Hartelt beleuchtet die Ernteausfälle noch einmal von einer anderen Seite. Wenn wenig Früchte und Getreide in Deutschland geerntet werden können, mache man sich immer abhängiger von Exporten. Das wiederum sei auch in Anbetracht des Klimawandels nicht sinnvoll: Die Importware werde oftmals unter schlechten Standards angebaut, außerdem müsse sie ja auch nach Deutschland gebracht werden.

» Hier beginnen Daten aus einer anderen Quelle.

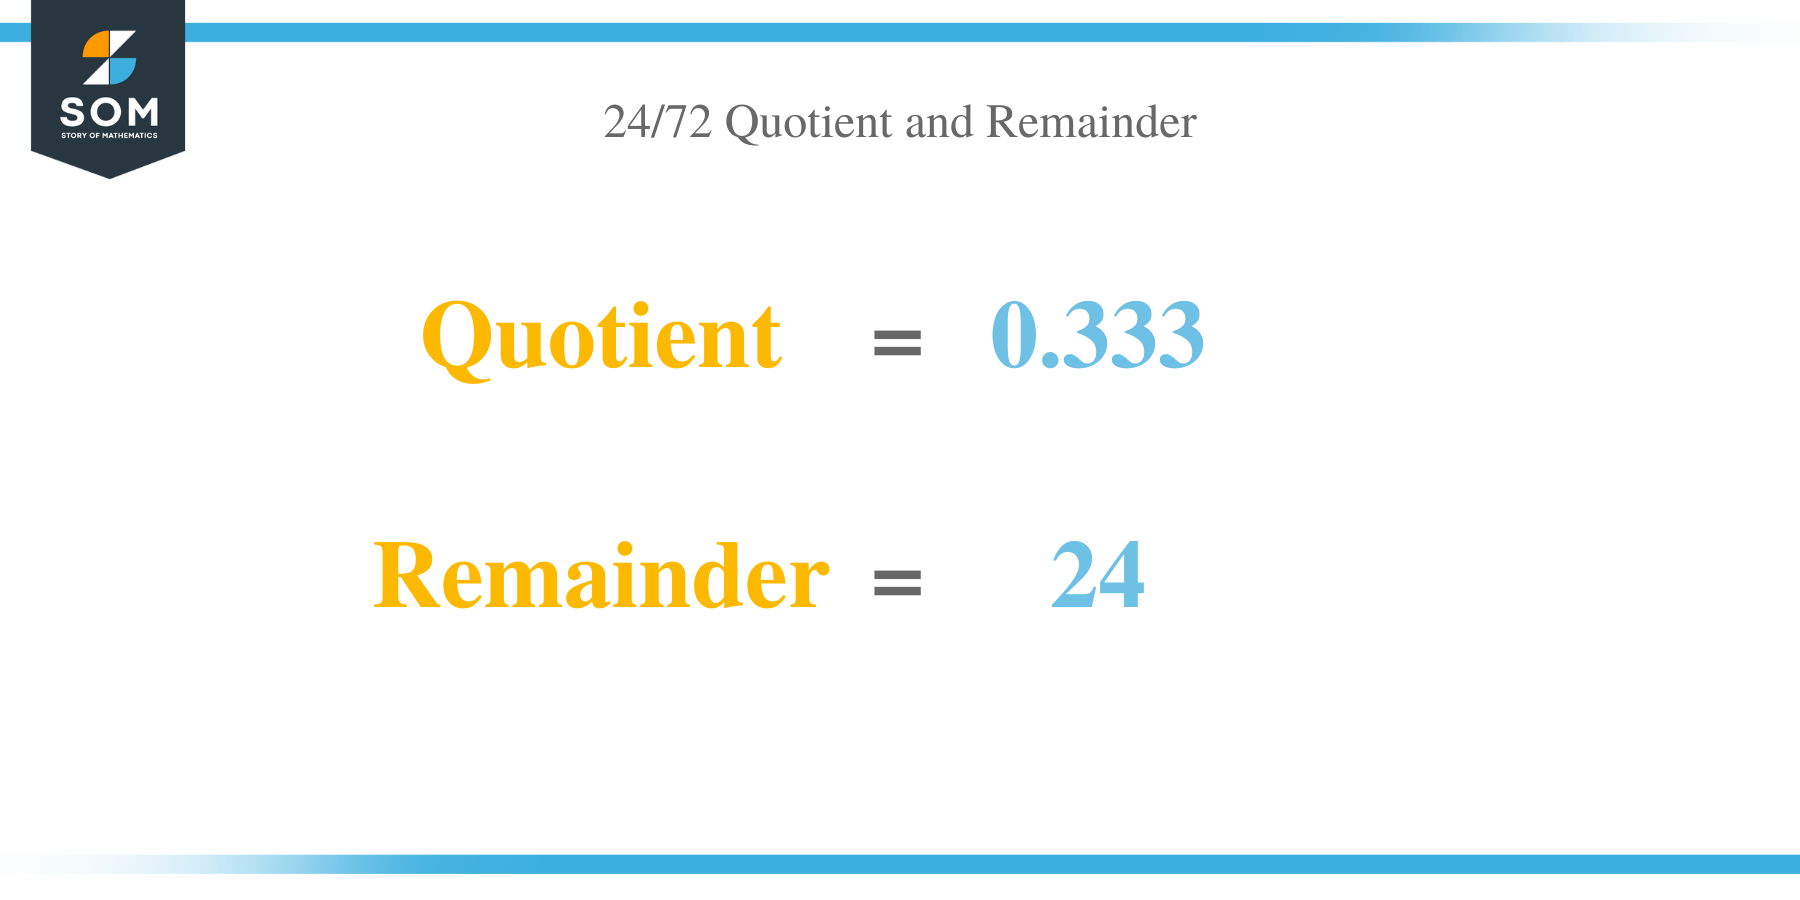 Quotient and Remainder of 24 per 72
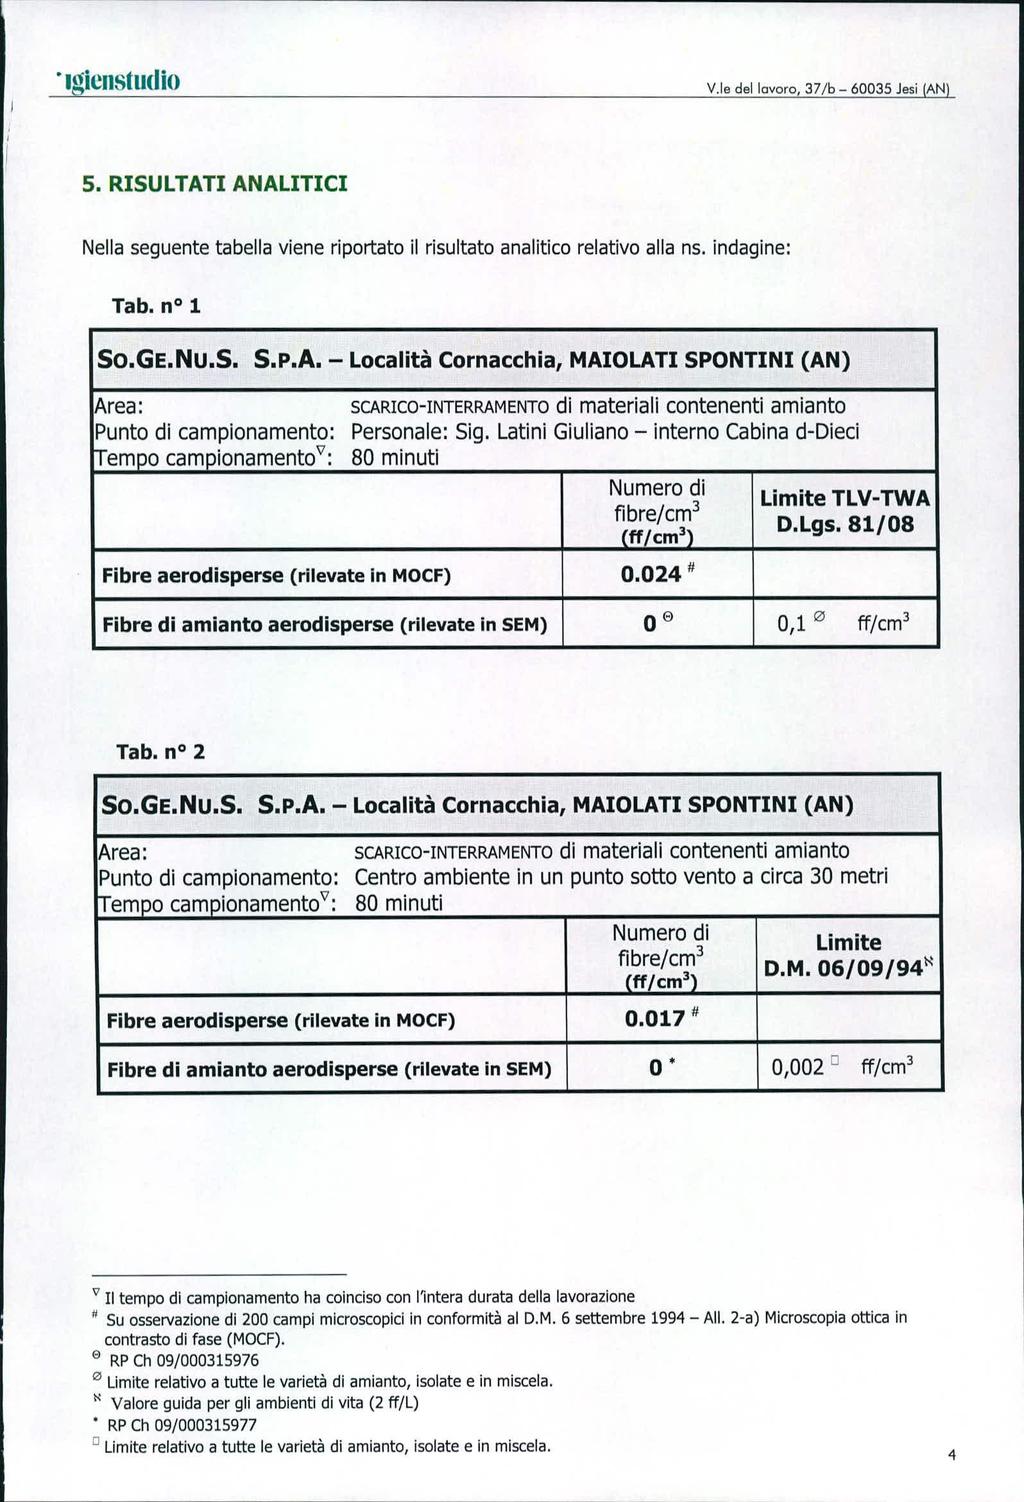 "glciisludlo V.ledellevore,37/b - 60035 Jesi(AN

Die CO2-Emissionen, die bei solchen Transporten ausgestoßen werden, seien ebenfalls mehr als schädlich. „Jeder Hektar, der in Deutschland landwirtschaftlich genutzt wird, ist ein aktiver Beitrag zum globalen Klima- und Ressourcenschutz!“, lautet Hartelts Fazit.
Enders und Hartelt stimmen überein, dass der Klimaschutz im Bewusstsein der Landwirte längst angekommen sei. „Bauern sind ja zuerst vom Klimawandel betroffen“, so Enders. Beide fordern aber, dass man angesichts dessen an pragmatischen Lösungen arbeiten solle. Für Hartelt ist „der Fokus auf pupsenden Kühen“ unangebracht. Man müsse die globalen Mechanismen im Blick haben und sich fragen, ob einzelne, wohlmeinende Maßnahmen in Deutschland die Klimakrise weltweit nicht sogar verschärfen.